■ **PROBLEM DESCRIPTION**:
In the material below, find the line that contains "Envent Corporation | Press Releases" and the line that contains "The Osprey Raven", then write out exactly those two lines and everything between them.

■ **MATERIAL FOR THIS EXERCISE**:
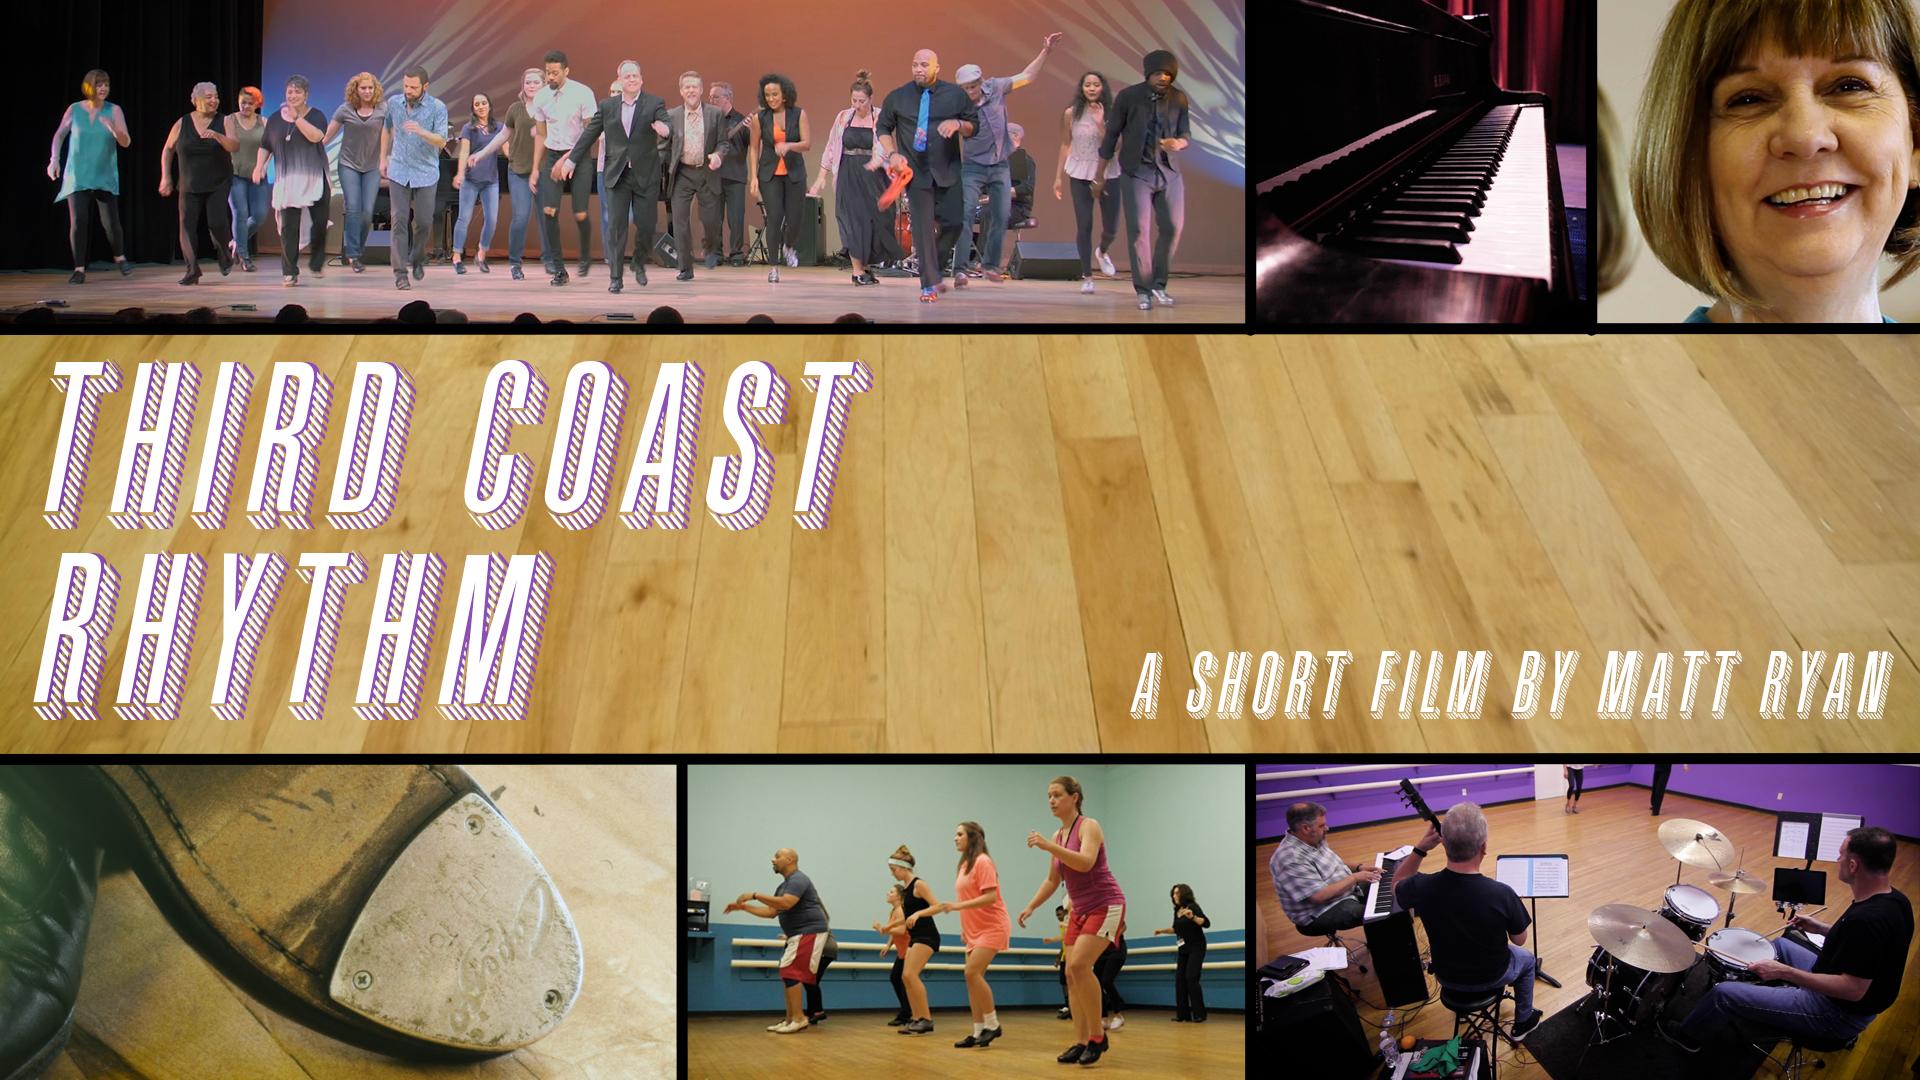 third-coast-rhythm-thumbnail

==

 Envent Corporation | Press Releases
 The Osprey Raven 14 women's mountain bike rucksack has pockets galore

■ **EXPECTED ANSWER**:
 Envent Corporation | Press Releases
 The Osprey Raven 14 women's mountain bike rucksack has pockets galore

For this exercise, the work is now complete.